Qualcomm unequivocally rejects Broadcom's advances
About a week ago, Broadcom presented a proposal that would see it buy Qualcomm shares at a stunning price of US$70 per share, to make for a whopping US$130 billion deal in total. Today, the Qualcomm Board of Directors has unanimously rejected the unsolicited proposal.
A press release published on the company's official website a few hours ago established the stances of various company executives on the matter.
Paul Jacobs, Executive Chairman and Chairman of the Board of Qualcomm Incorporated:
"It is the Board’s unanimous belief that Broadcom’s proposal significantly undervalues Qualcomm relative to the Company’s leadership position in mobile technology and our future growth prospects.”
Steve Mollenkopf, CEO of Qualcomm Incorporated:
“No company is better positioned in mobile, IoT, automotive, edge computing and networking within the semiconductor industry.

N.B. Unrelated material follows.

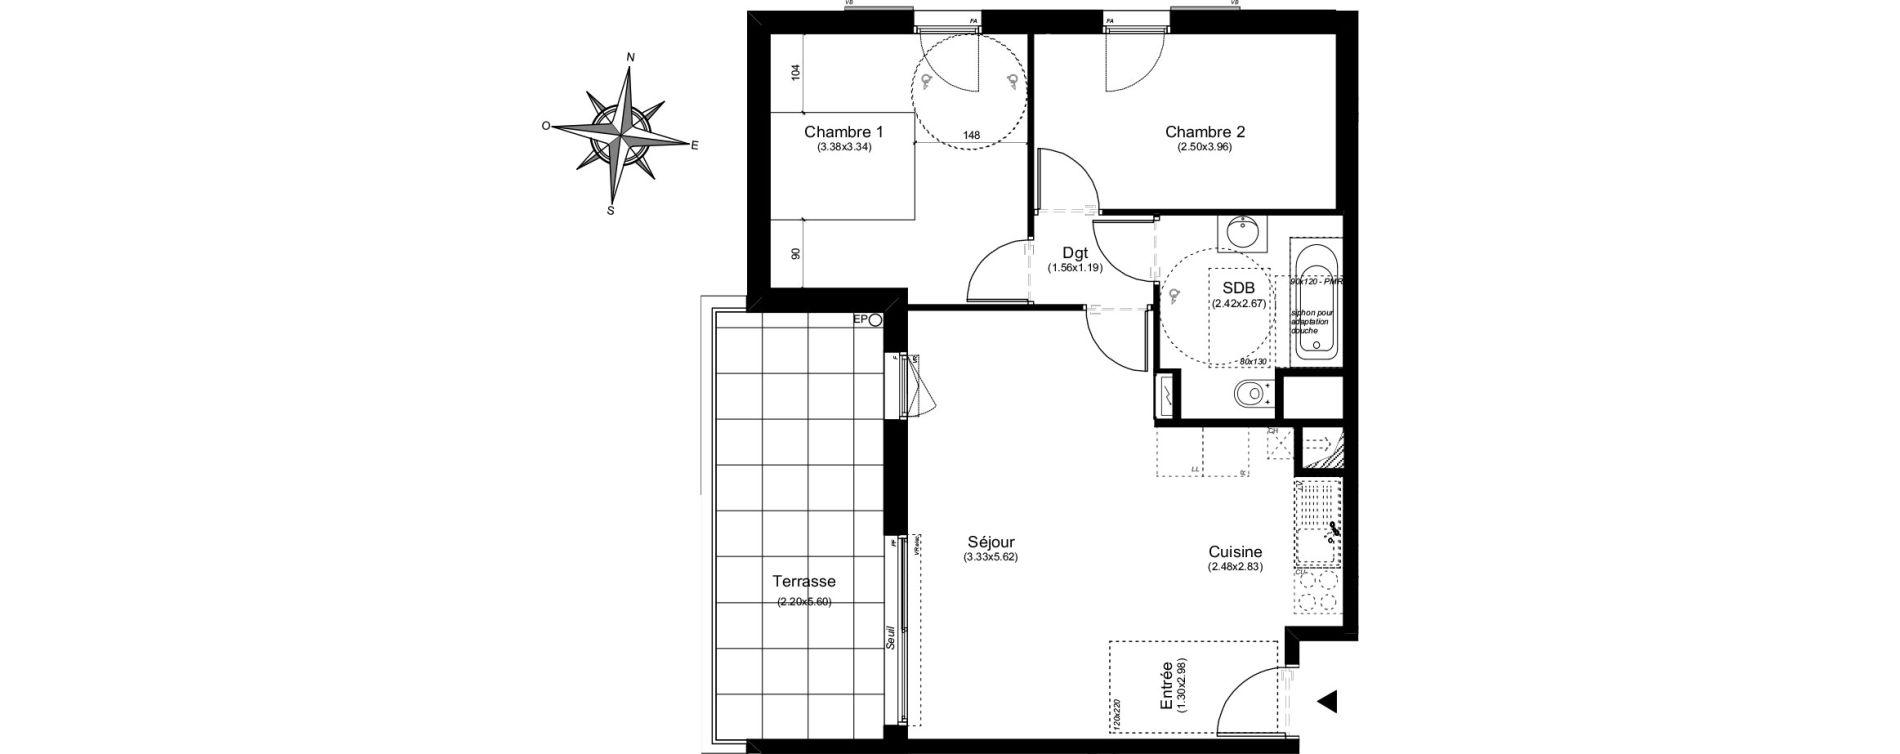 Appartement T3 de 55,35 m2 à Aix-En-Provence Puyricard - couteron

We are confident in our ability to create significant additional value for our stockholders as we continue our growth in these attractive segments and lead the transition to 5G.”
Tom Horton, Presiding Director of Qualcomm Incorporated:
“The Board and Management are singularly focused on driving value for Qualcomm’s shareholders. After a comprehensive review, conducted in consultation with our financial and legal advisors, the Board has concluded that Broadcom’s proposal dramatically undervalues Qualcomm and comes with significant regulatory uncertainty. We are highly confident that the strategy Steve and his team are executing on provides far superior value to Qualcomm shareholders than the proposed offer.”
Qualcomm has been involved in a lengthy lawsuit with Apple, and there was speculation that a potential takeover by Broadcom would see a conclusion to it but that doesn't look likely at the moment. Considering Qualcomm's importance to the Android ecosystem, we expect this decision is one that puts smiles on the faces of fans, as a deal between both parties could potentially disrupt the OS's growth for the worse.